Source material →
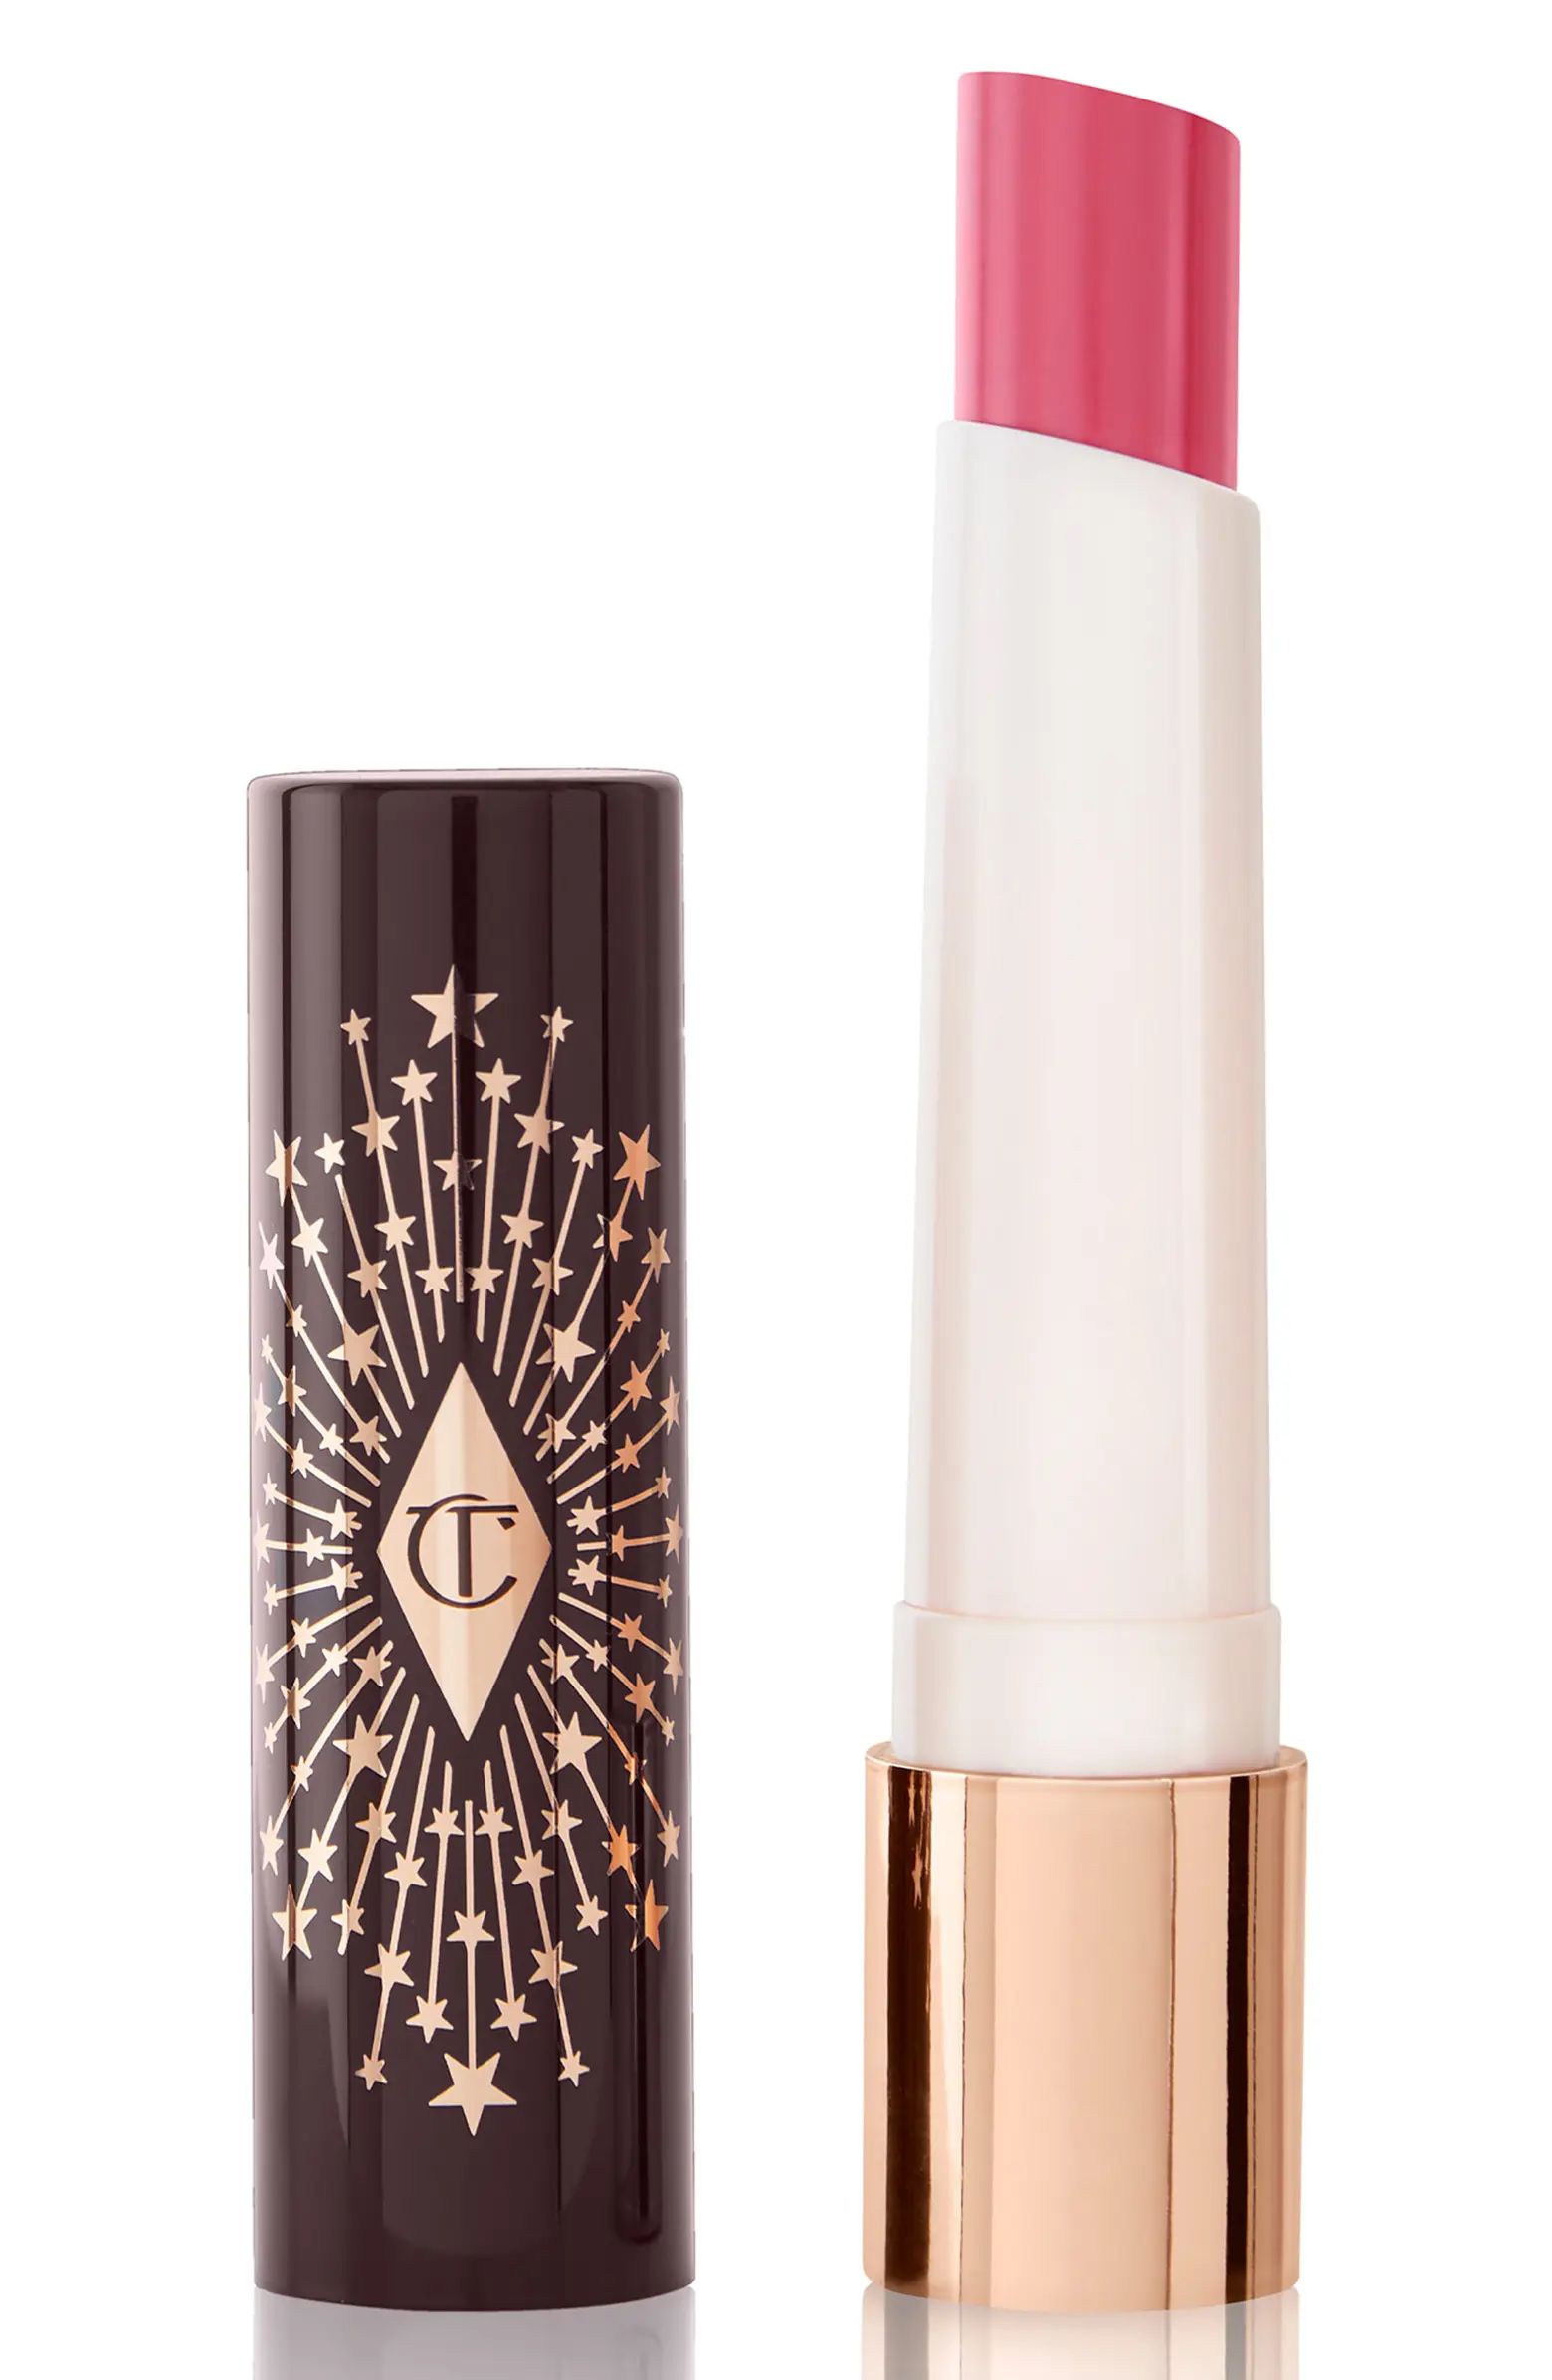 Hyaluronic Happikiss Lipstick Balm | Nordstrom
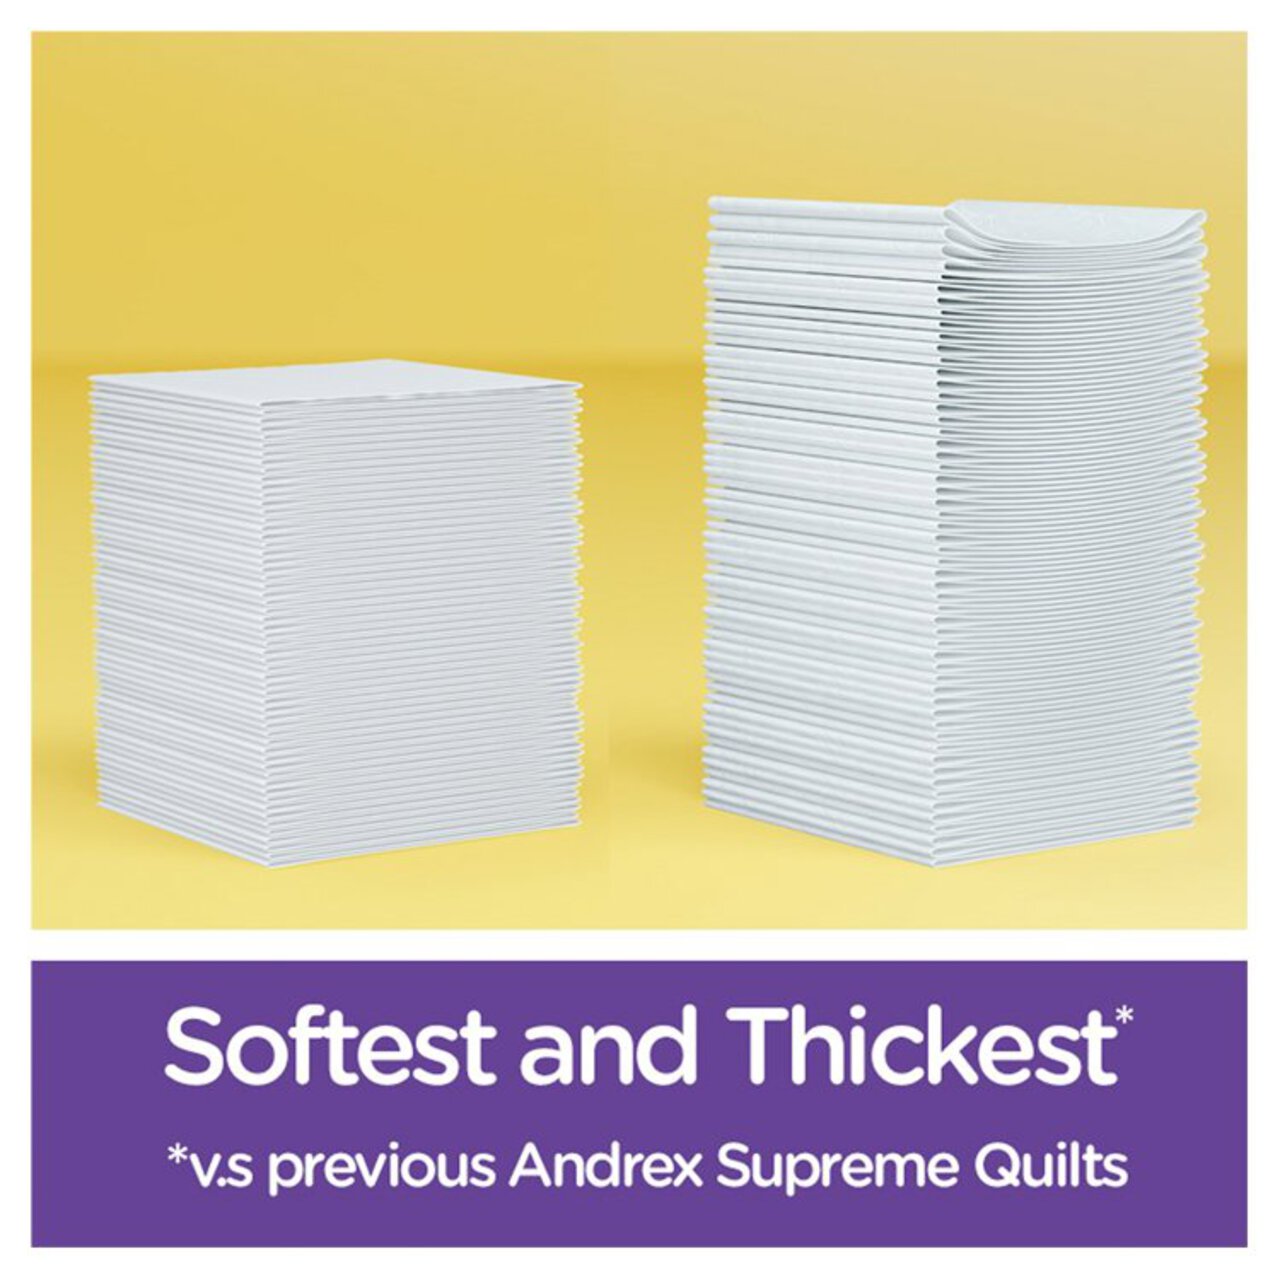 Andrex Supreme Quilts Toilet Roll 9 per pack
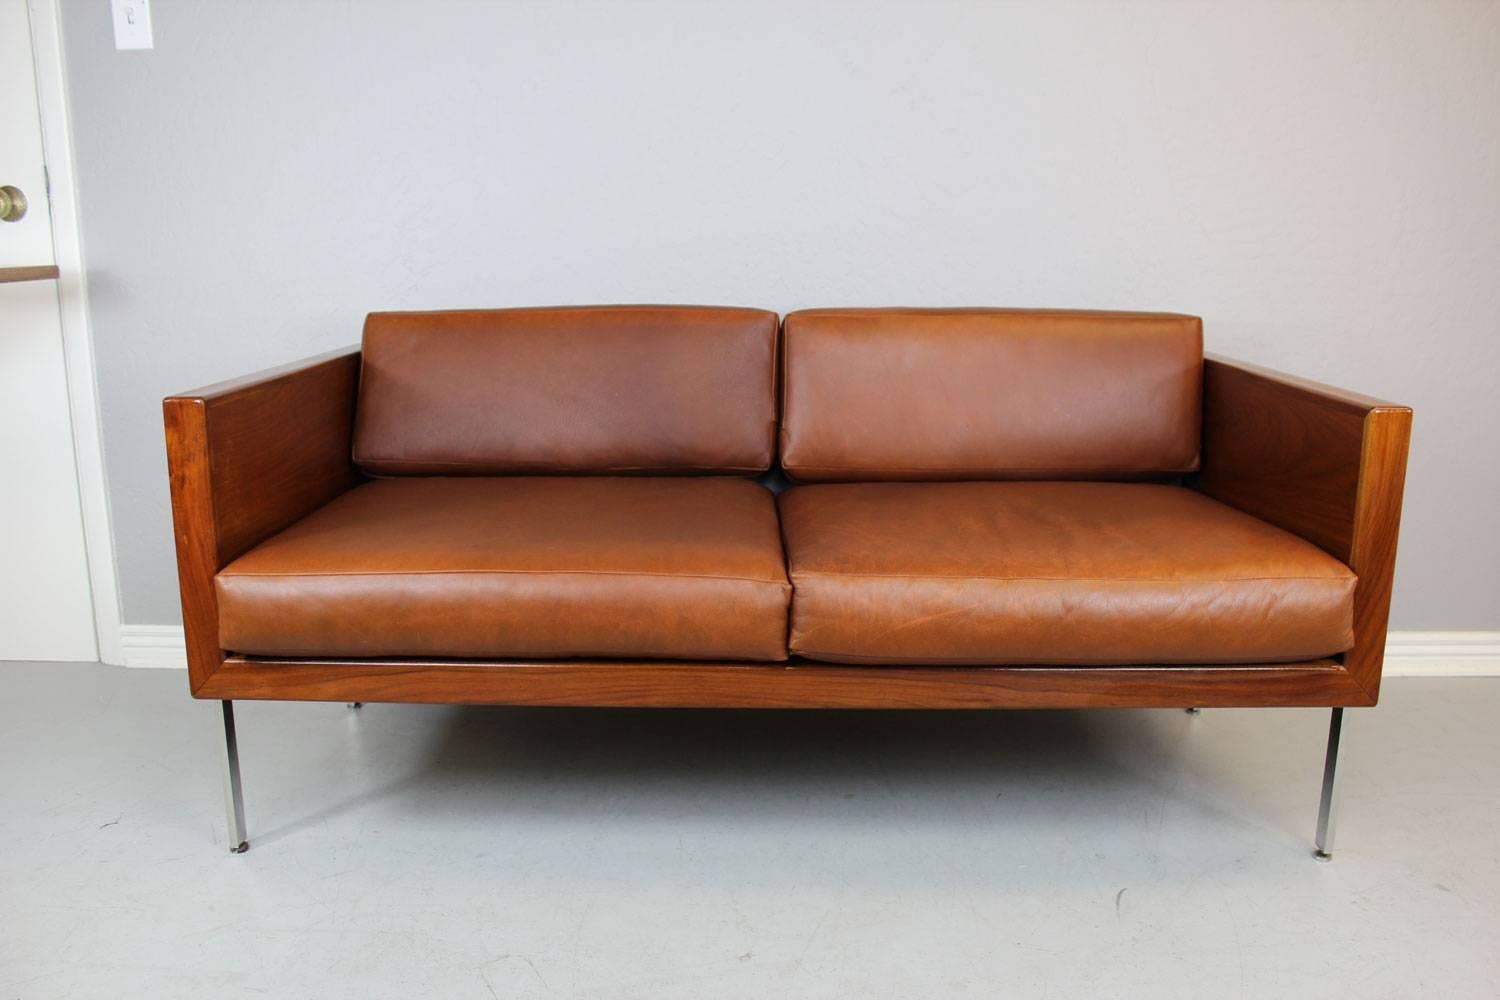 Architectural series sofa in walnut, stainless steel and leather by Harvey Probber. Professionally restored, however, the original leather remains as it is in very good condition with a nice overall patina. This unit has new bottom webbing. See
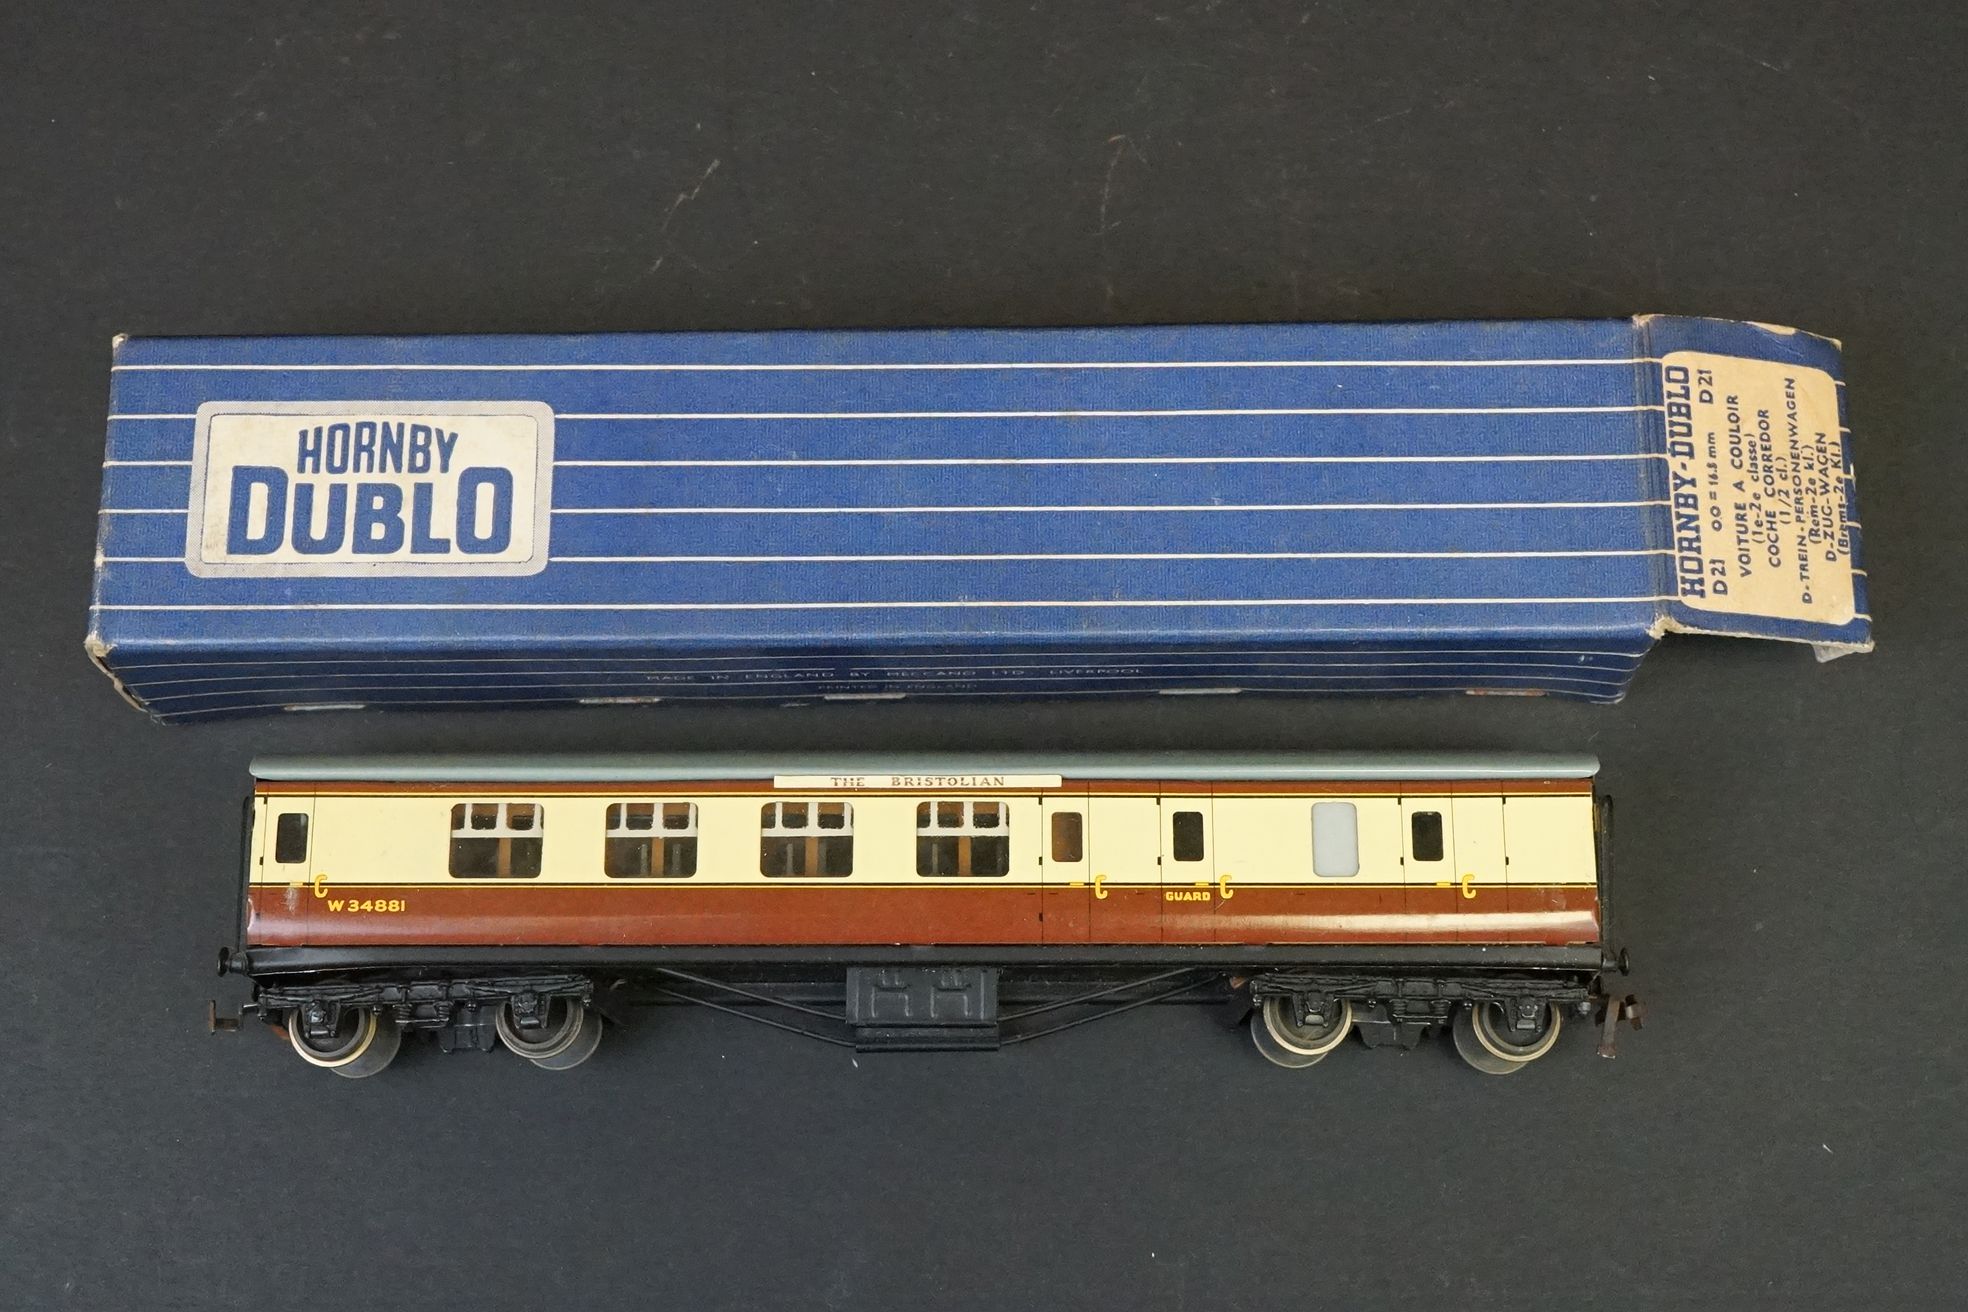 Group of OO & Hornby Dublo model railway to include boxed Hornby Dublo 2218 2-6-4 Tank Locomotive, - Image 10 of 13

Exercise instructions →
Every line above is to be written out unchanged, with the pictures omitted.

Completed task →
 Hyaluronic Happikiss Lipstick Balm | Nordstrom
 Andrex Supreme Quilts Toilet Roll 9 per pack
 Architectural series sofa in walnut, stainless steel and leather by Harvey Probber. Professionally restored, however, the original leather remains as it is in very good condition with a nice overall patina. This unit has new bottom webbing. See
 Group of OO & Hornby Dublo model railway to include boxed Hornby Dublo 2218 2-6-4 Tank Locomotive, - Image 10 of 13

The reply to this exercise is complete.